🤖 AI Summary
Large language models (LLMs) frequently exhibit cross-context inconsistent hallucinations in natural language processing (NLP) tasks, undermining reliability and trustworthiness.
Method: This paper proposes an event-driven text-to-code cyclic training framework that establishes a bidirectional closed loop: text-to-code generation followed by code-to-text reverse distillation, enabling logical consistency transfer. It introduces an innovative event-alignment mechanism and a task-agnostic, multi-stage cyclic fine-tuning paradigm—overcoming the task dependency inherent in existing synthetic-data-based approaches.

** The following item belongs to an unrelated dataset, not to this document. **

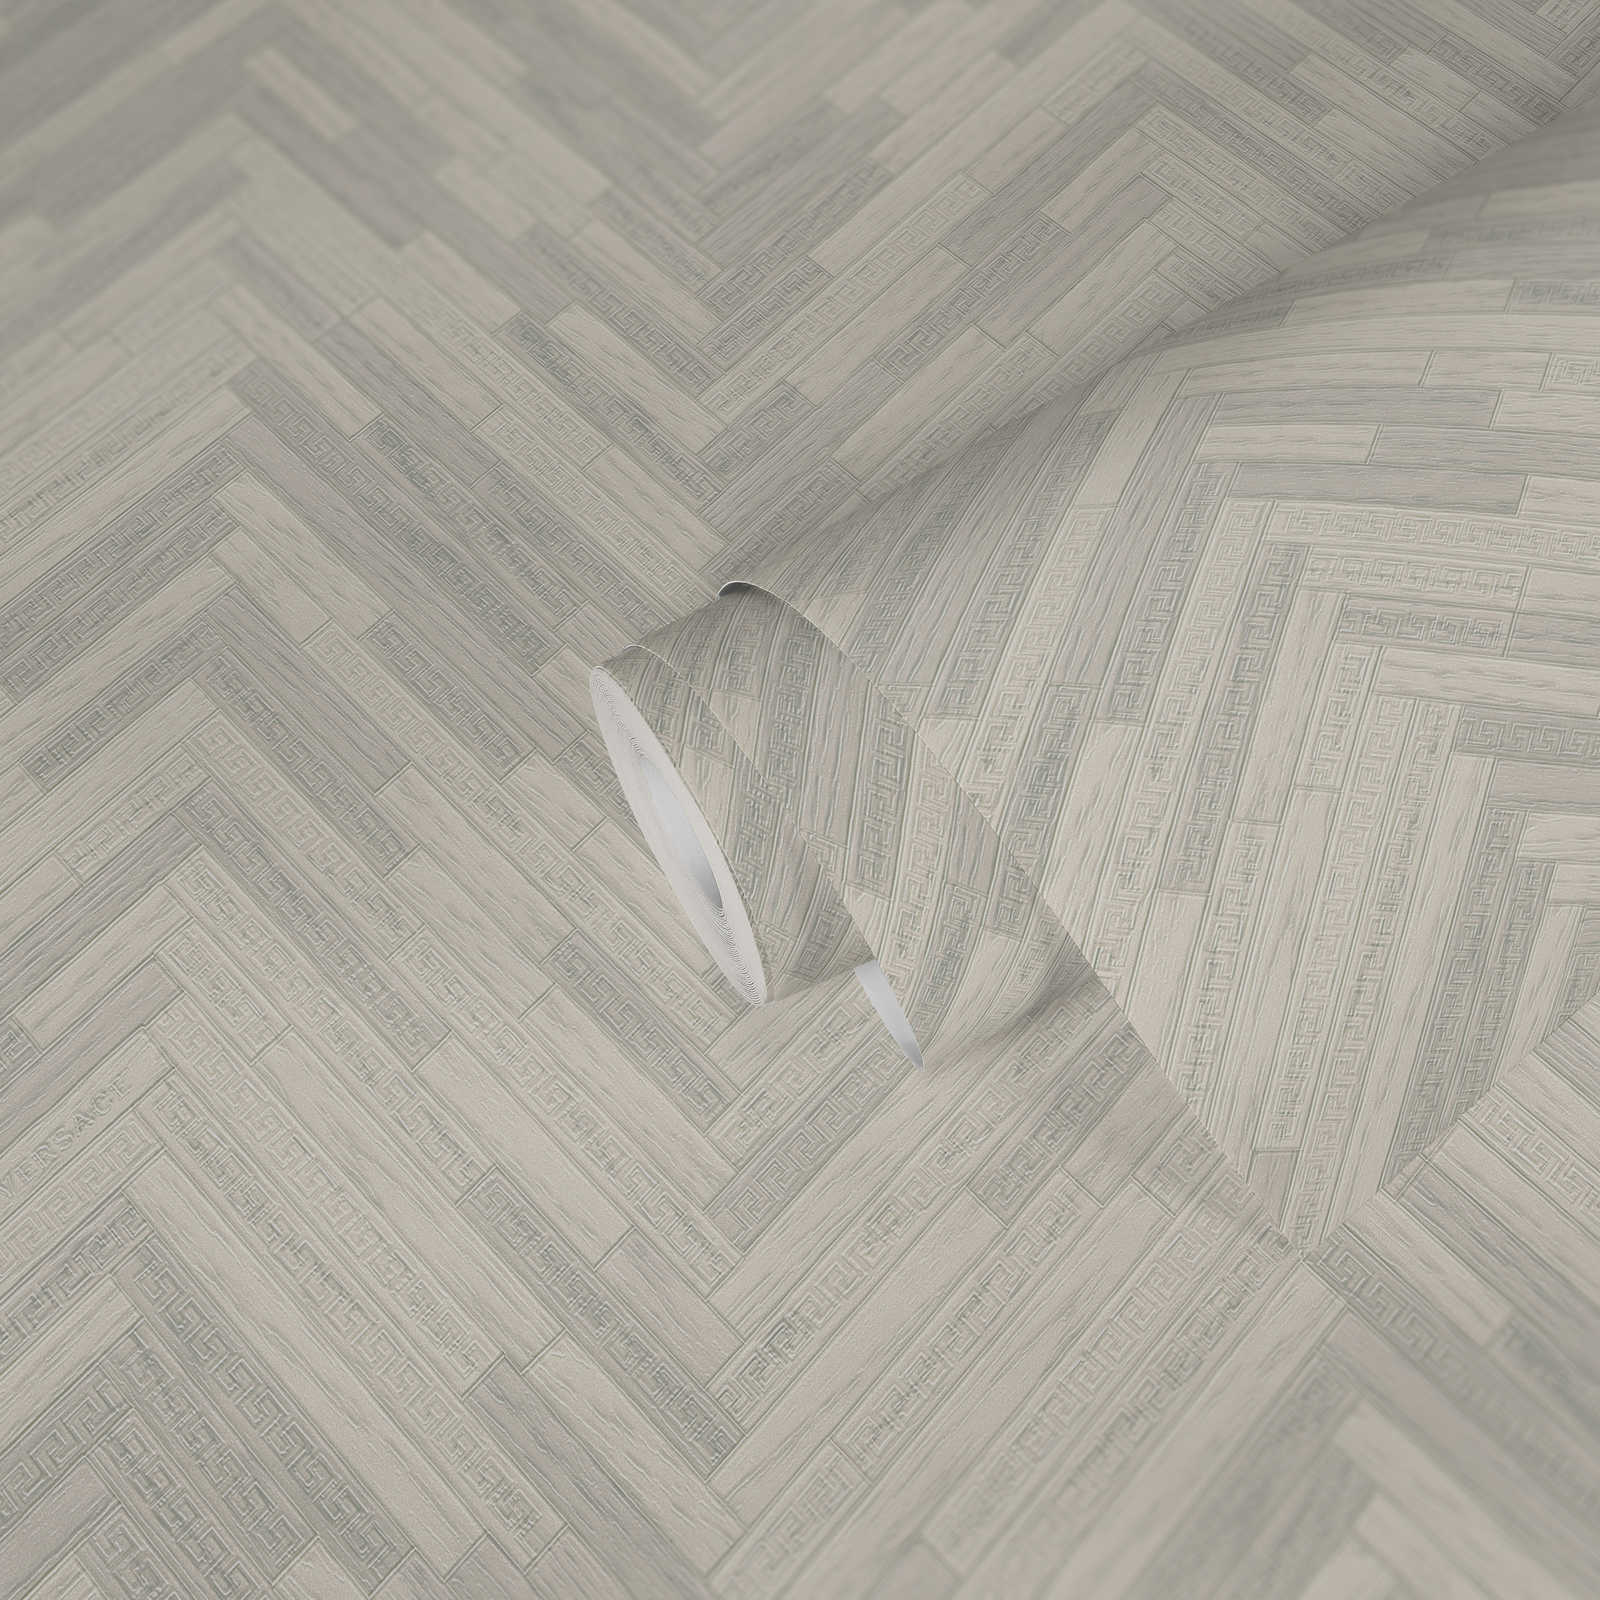             VERSACE Home Papier peint aspect bois élégant - gris, blanc

Contribution/Results: Evaluated on three mainstream LLMs, the method significantly reduces inconsistency hallucination rates across two representative NLP tasks while preserving original task performance without degradation. It offers a generalizable, lightweight, and architecture-agnostic solution for hallucination mitigation, advancing the state of the art in reliable LLM deployment.
📝 Abstract
Recent methodologies utilizing synthetic datasets have aimed to address inconsistent hallucinations in large language models (LLMs); however,these approaches are primarily tailored to specific tasks, limiting their generalizability. Inspired by the strong performance of code-trained models in logic-intensive domains, we propose a novel framework that leverages event-based text to generate corresponding code and employs cyclic training to transfer the logical consistency of code to natural language effectively. Our method significantly reduces inconsistent hallucinations across three leading LLMs and two categories of natural language tasks while maintaining overall performance. This framework effectively alleviates hallucinations without necessitating adaptation to downstream tasks, demonstrating generality and providing new perspectives to tackle the challenge of inconsistent hallucinations.